Affected assets
Bitcoincryptocurrenciesrisk assets
Event summary
President Donald Trump announced plans to raise global tariffs to 15%, triggering a 5% decline in Bitcoin and broader risk-off sentiment across financial markets. This macro-driven correction, combined with geopolitical concerns, dominated February's cryptocurrency sell-off.
Rationale
Trump's announcement of 15% global tariffs under Section 122 triggered a 5% Bitcoin decline and risk-off sentiment in financial markets.[event] The tariffs, effective February 24, 2026, for 150 days, heighten trade uncertainty impacting crypto as a risk asset.
Analysis
- Why it matters now: Trump's 15% global tariff plans, enacted via temporary Section 122 (effective 10% now, 15% threatened), heighten trade tensions post-Supreme Court block, fueling risk-off moves like Bitcoin's 5% drop.

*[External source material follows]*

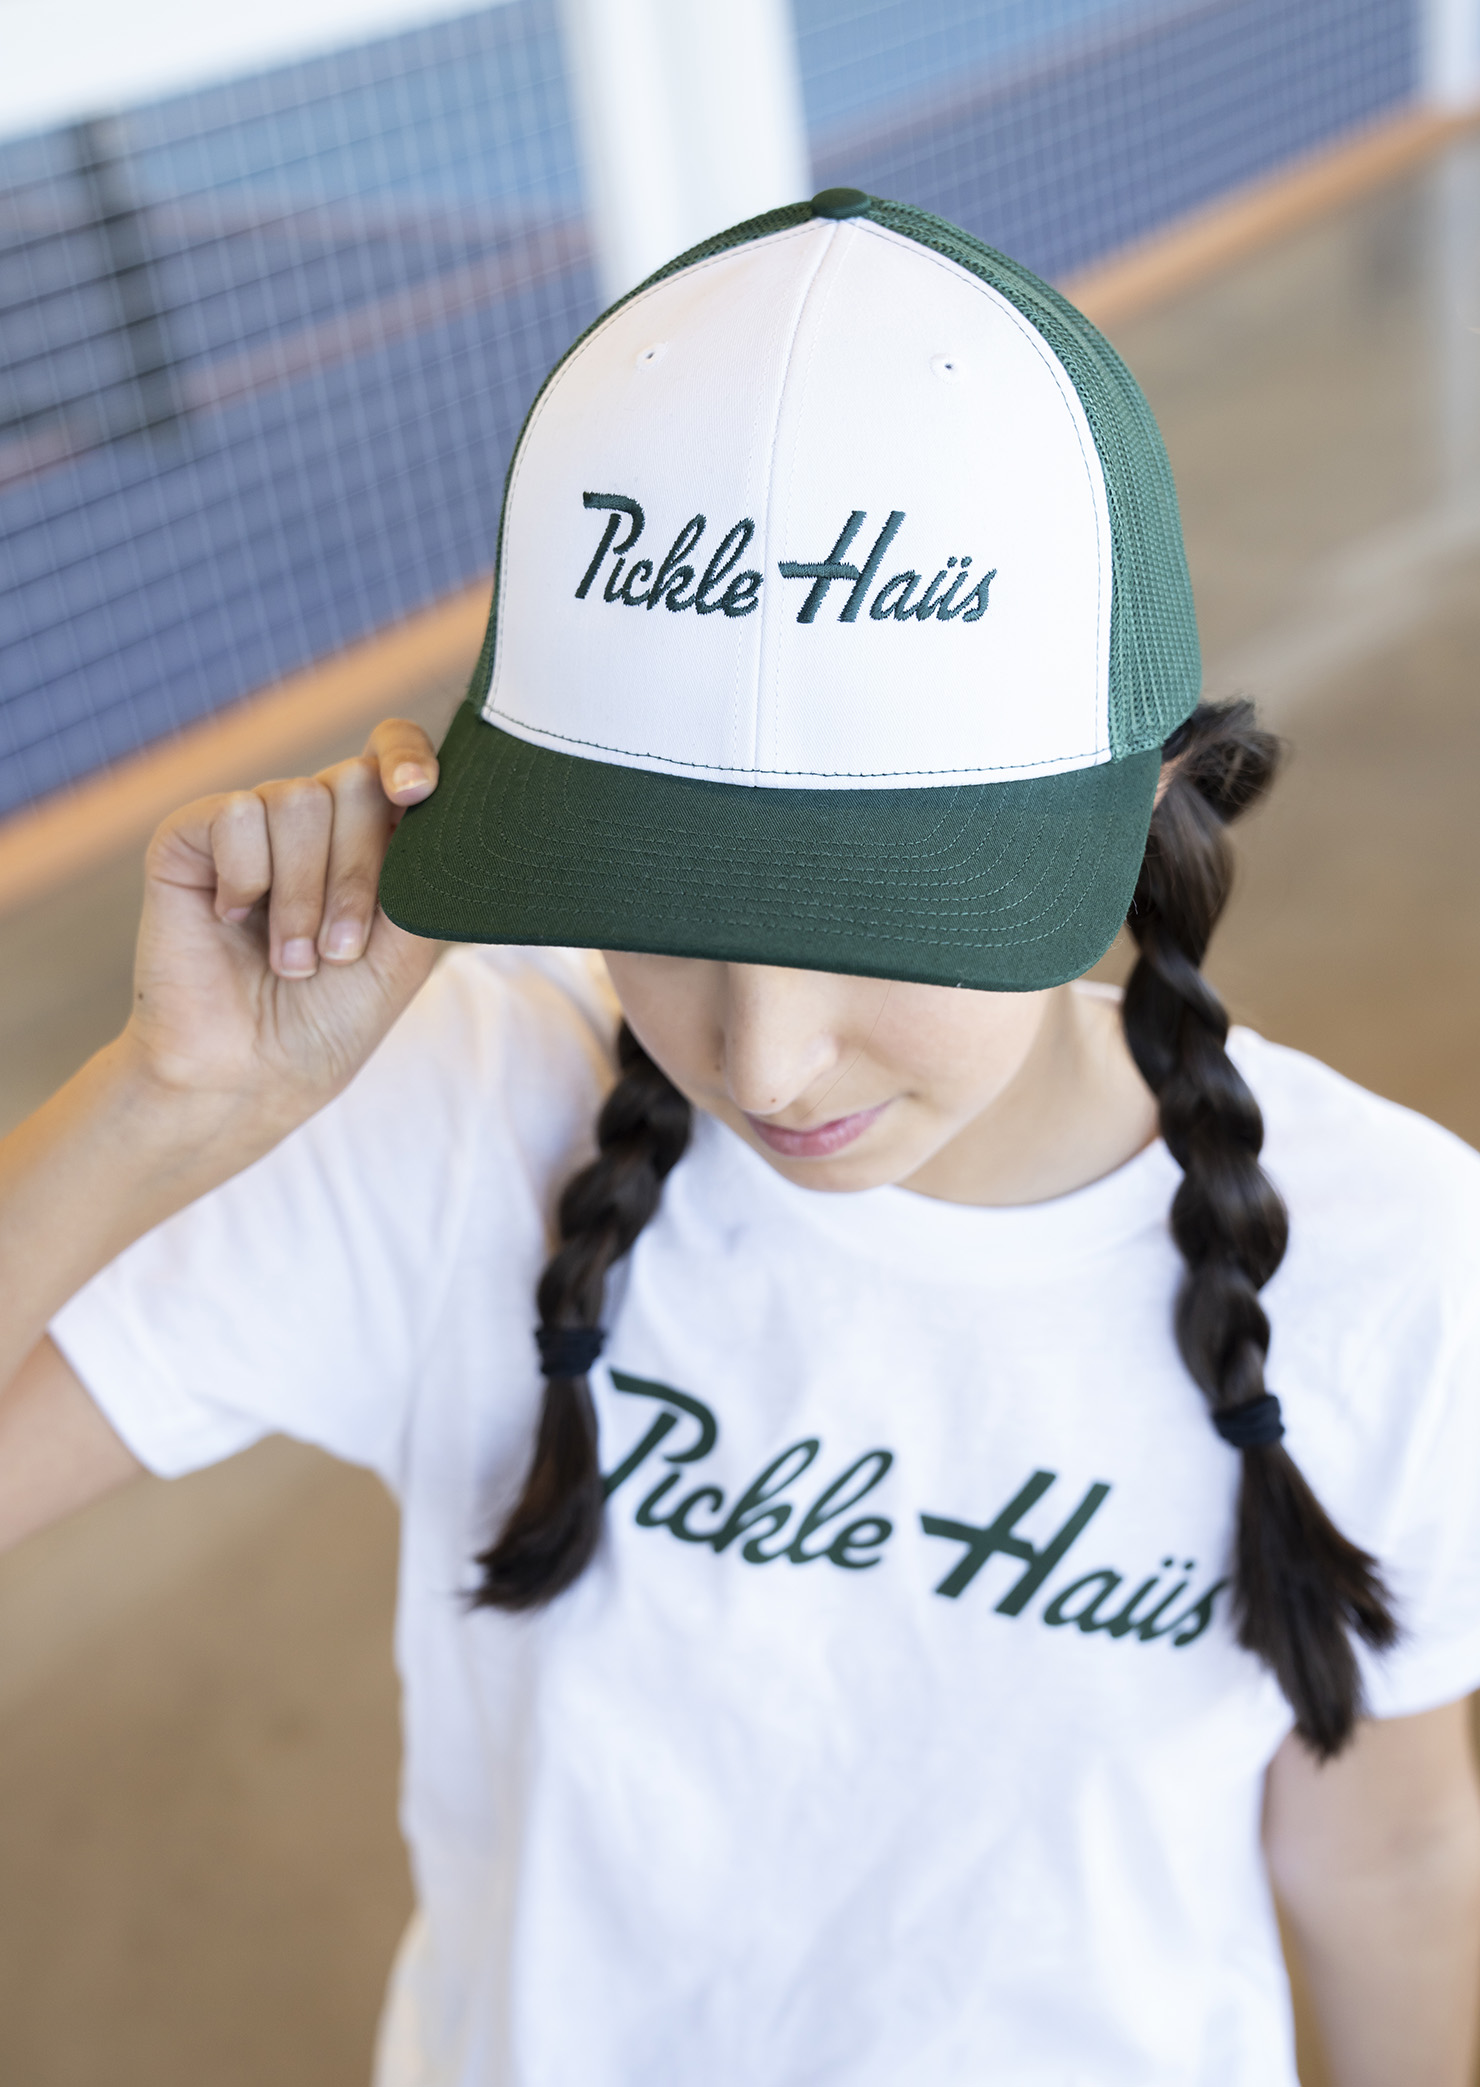 pickle haus white and green hat with green logo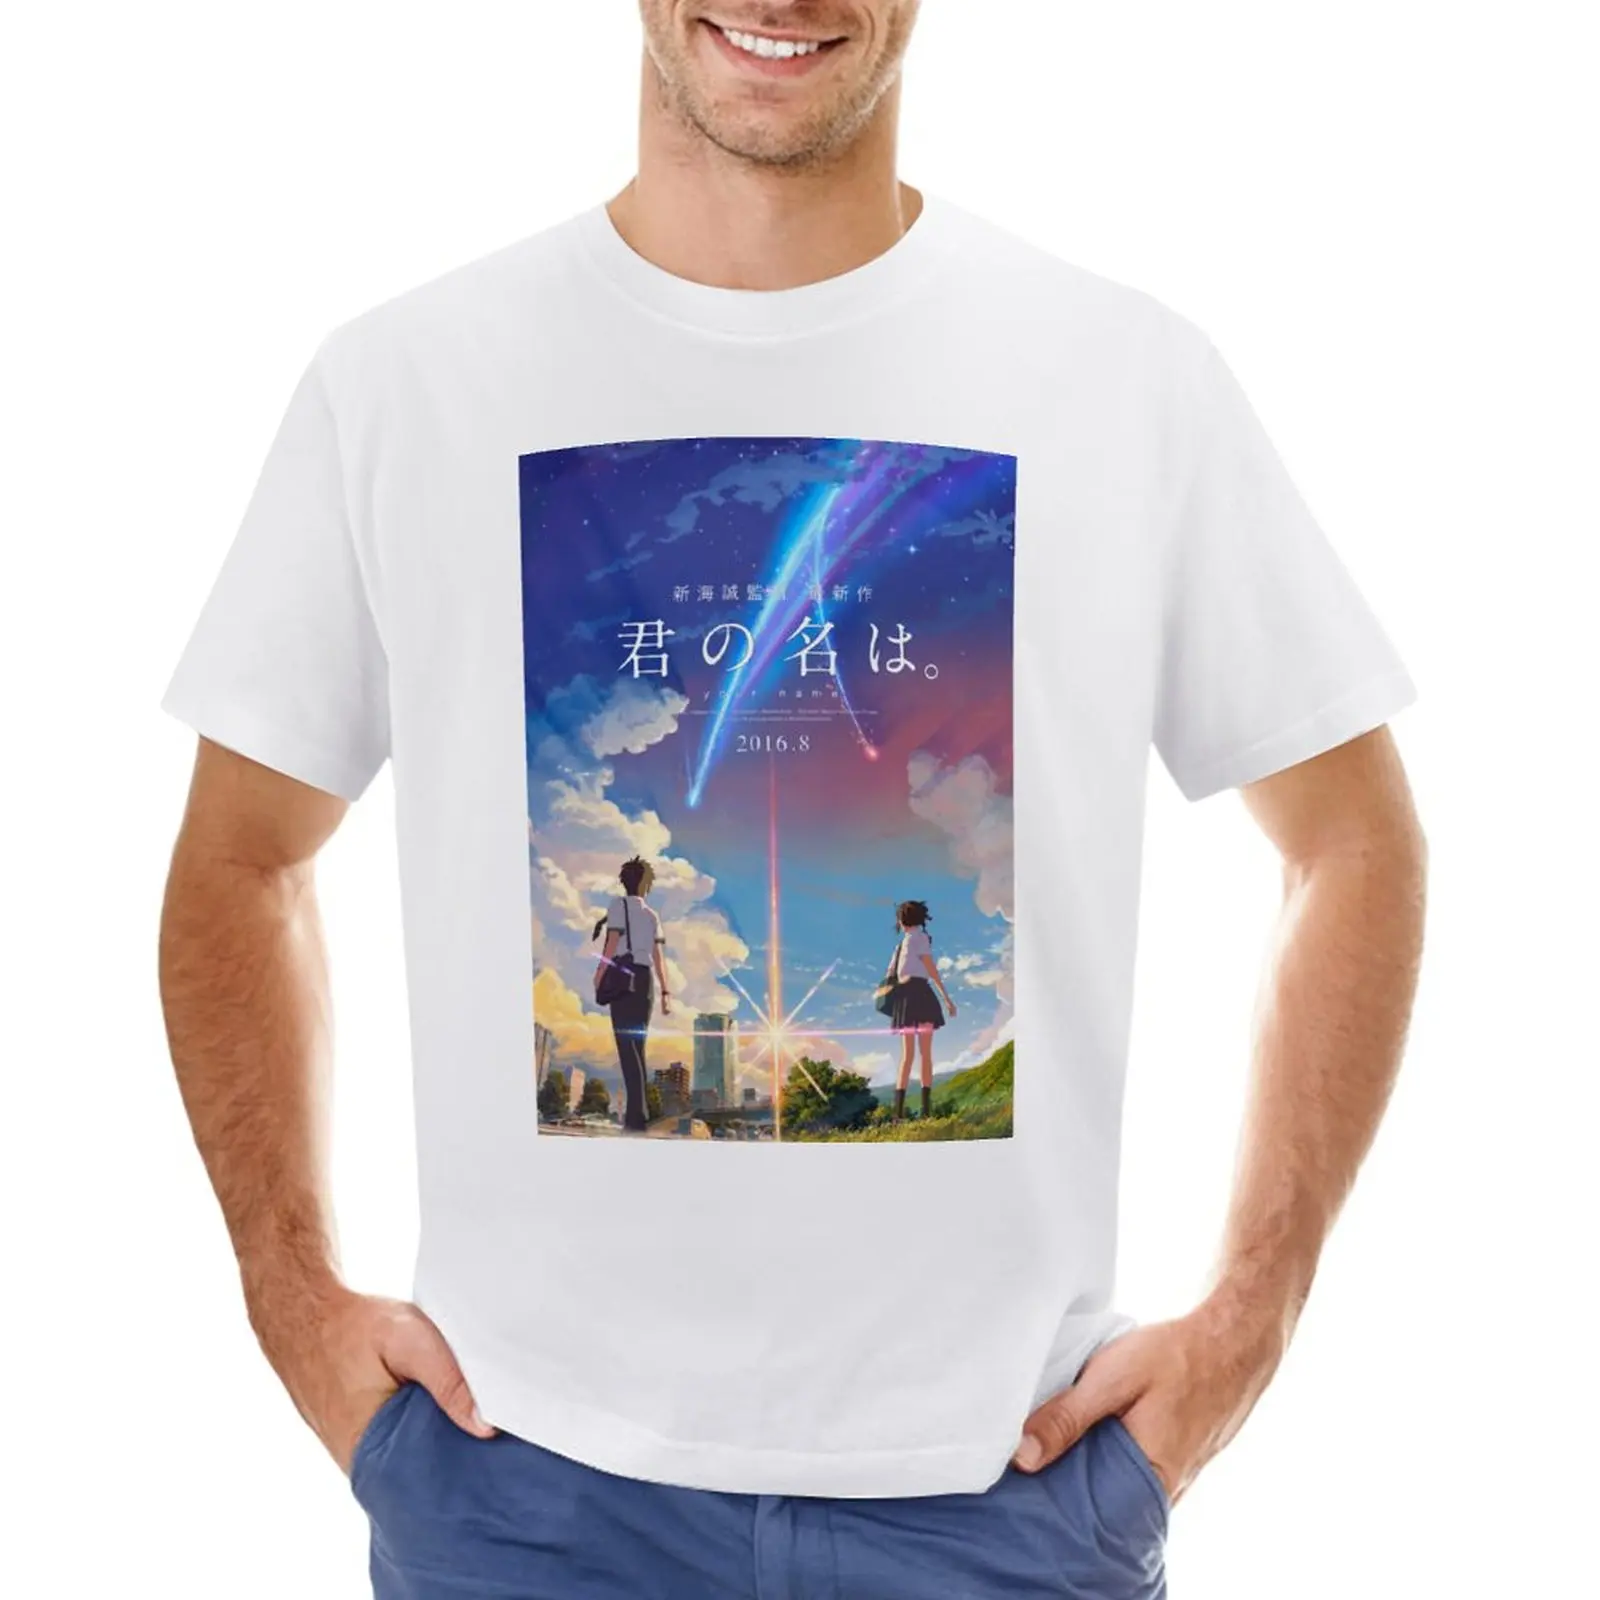 

kimi no na wa // your name anime movie poster BEST RES T-Shirt vintage Blouse blacks mens graphic t-shirts big and tall

- Short-term reaction: Likely continued sell-off in risk assets amid uncertainty.
- Medium-term implications: Potential unemployment rise, slower growth if extended beyond 150 days.
- Assets benefiting: US producers in exempted sectors (e.g., energy, ag).
- Assets at risk: Imports-heavy crypto, equities, global commodities.
- Key uncertainty: Congressional extension vs. expiration in July.